§ What this task involves
Exact reproduction is required for the lines below starting at the line with "Wildcats Version 3.0" and ending at the line with "Martha's One Pot", both included. No other lines, and no pictures.

§ Record set
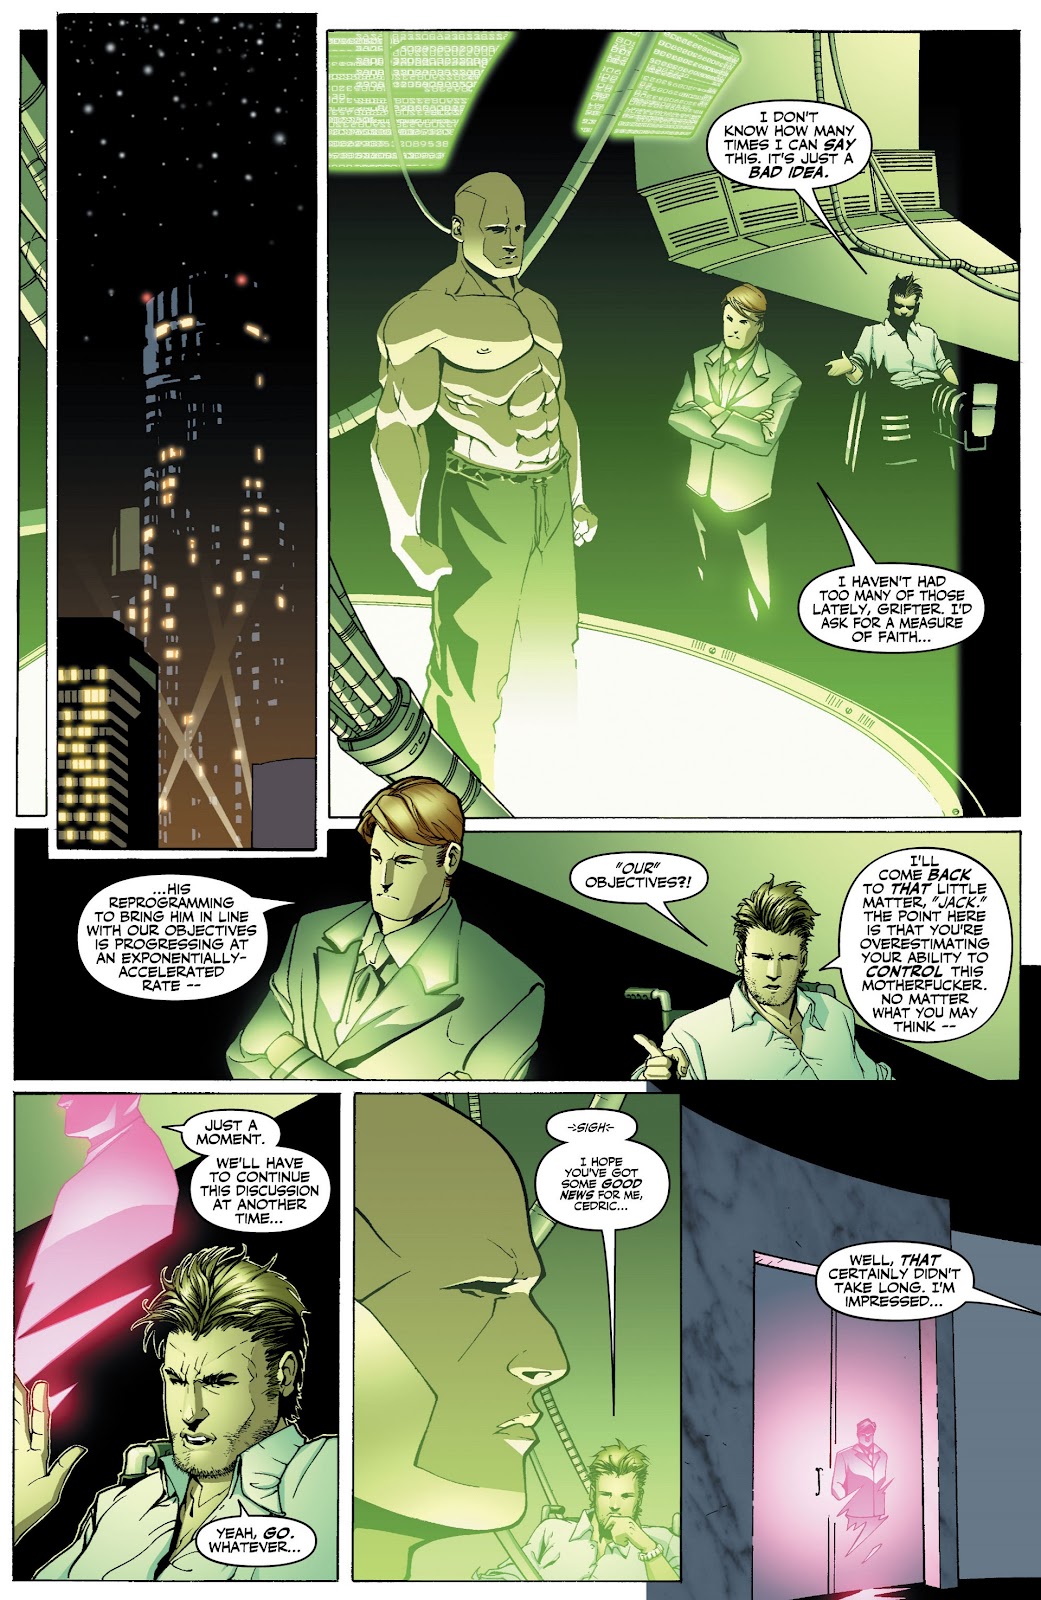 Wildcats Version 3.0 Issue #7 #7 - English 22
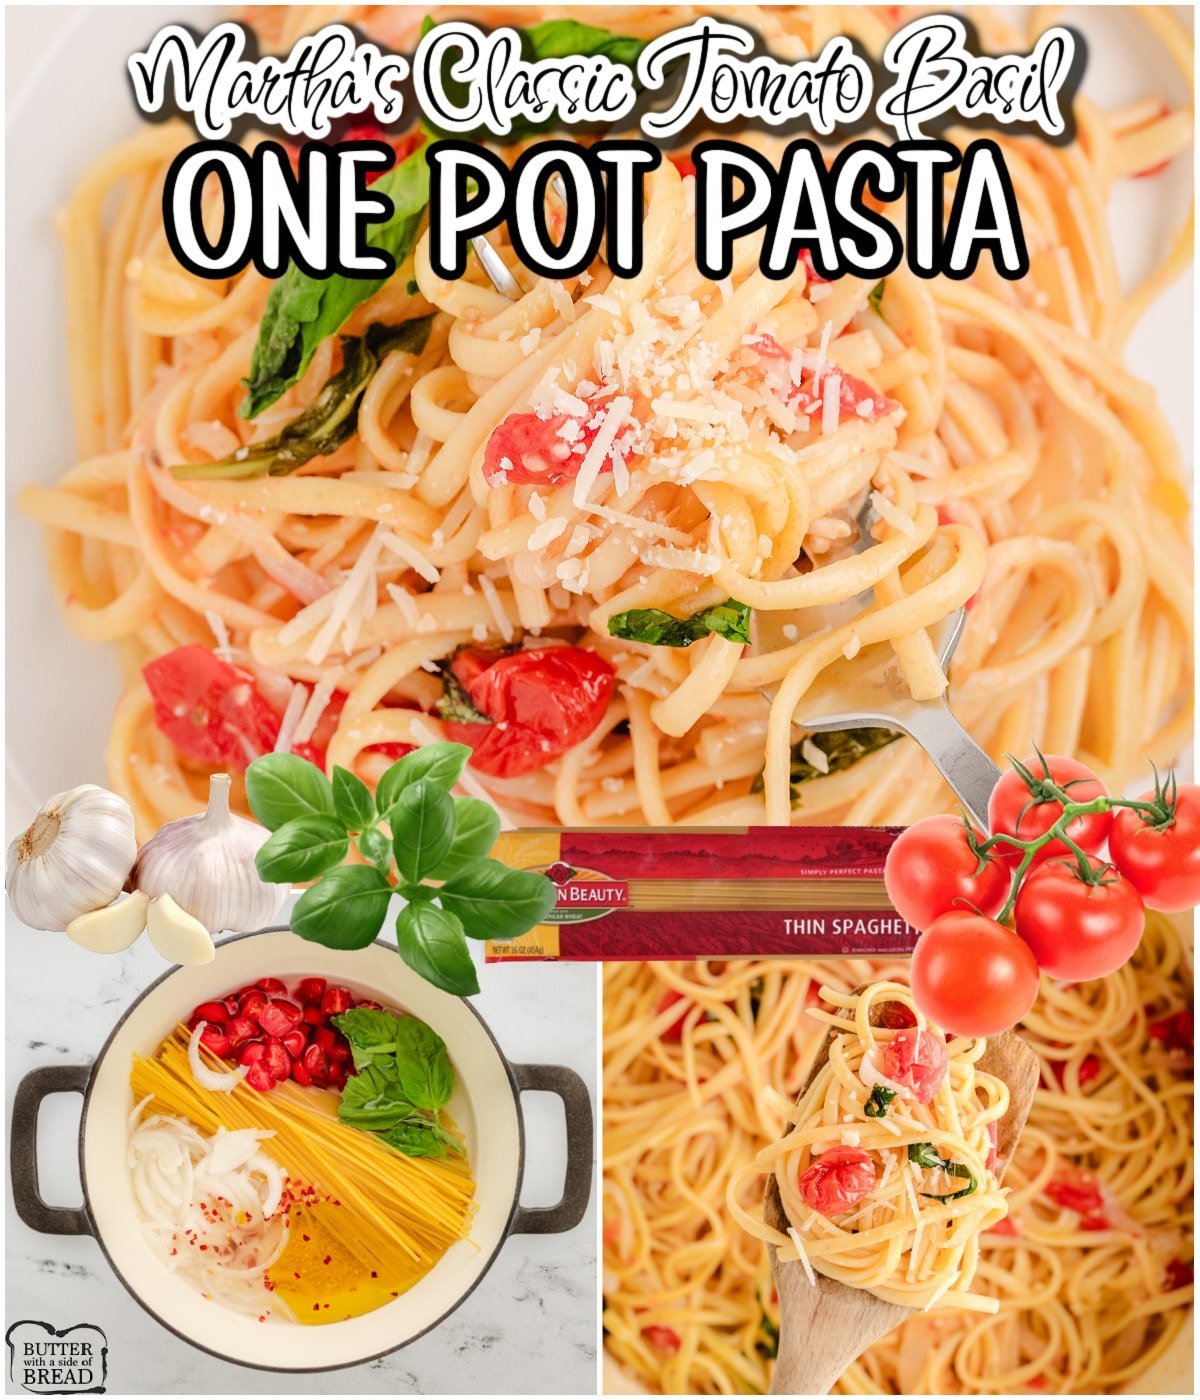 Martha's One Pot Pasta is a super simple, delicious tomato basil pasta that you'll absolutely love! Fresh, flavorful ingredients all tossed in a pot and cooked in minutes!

* * *

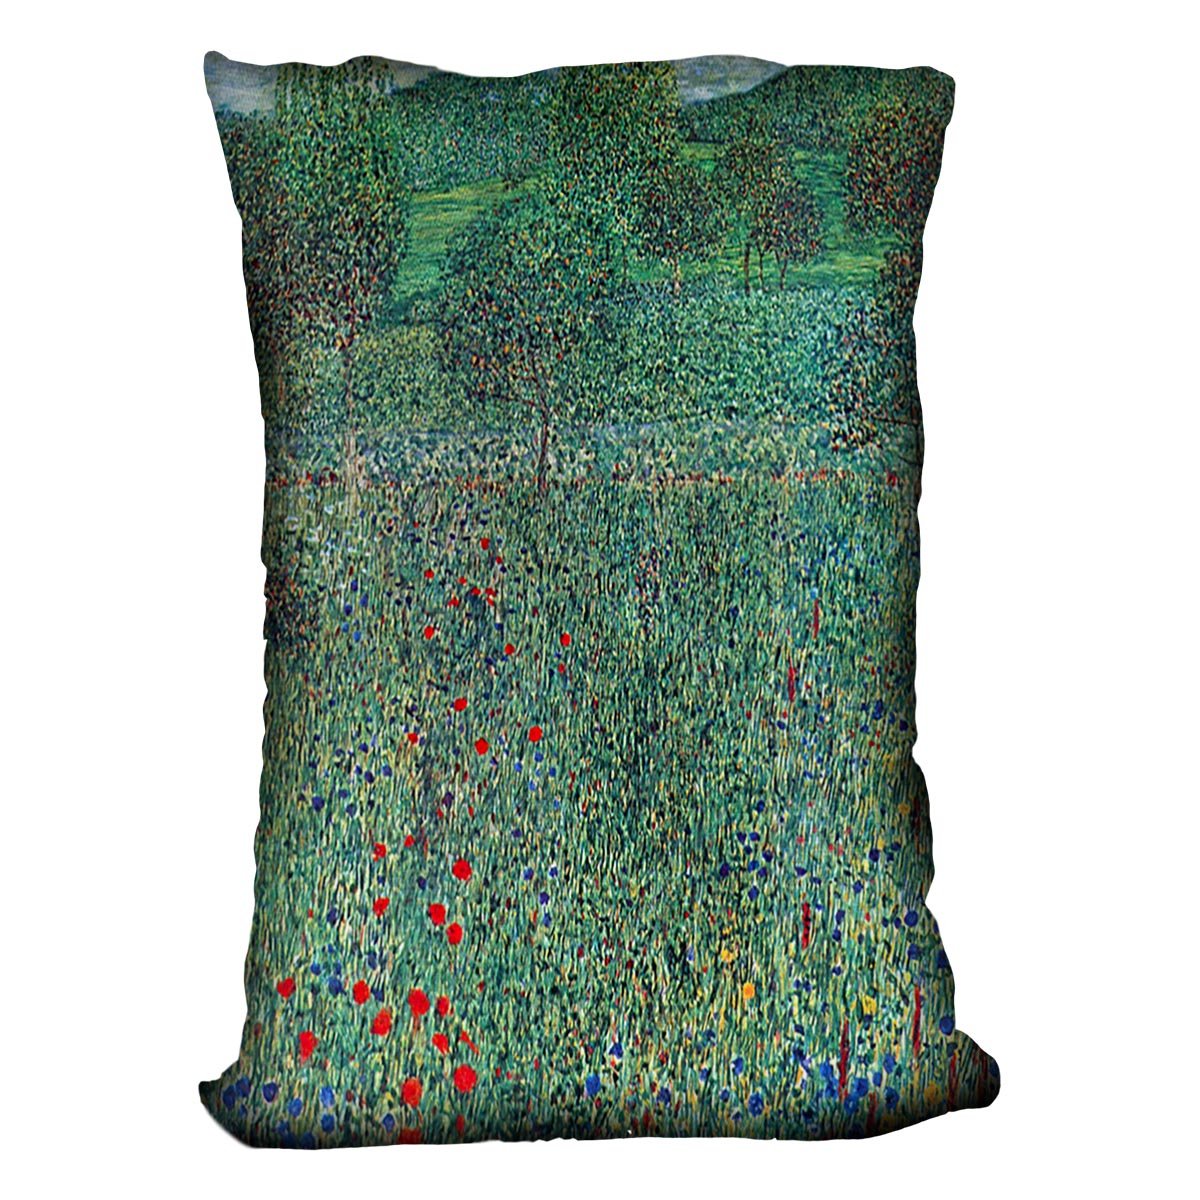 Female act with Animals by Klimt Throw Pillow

§ Response to the task
 Wildcats Version 3.0 Issue #7 #7 - English 22
 Martha's One Pot Pasta is a super simple, delicious tomato basil pasta that you'll absolutely love! Fresh, flavorful ingredients all tossed in a pot and cooked in minutes!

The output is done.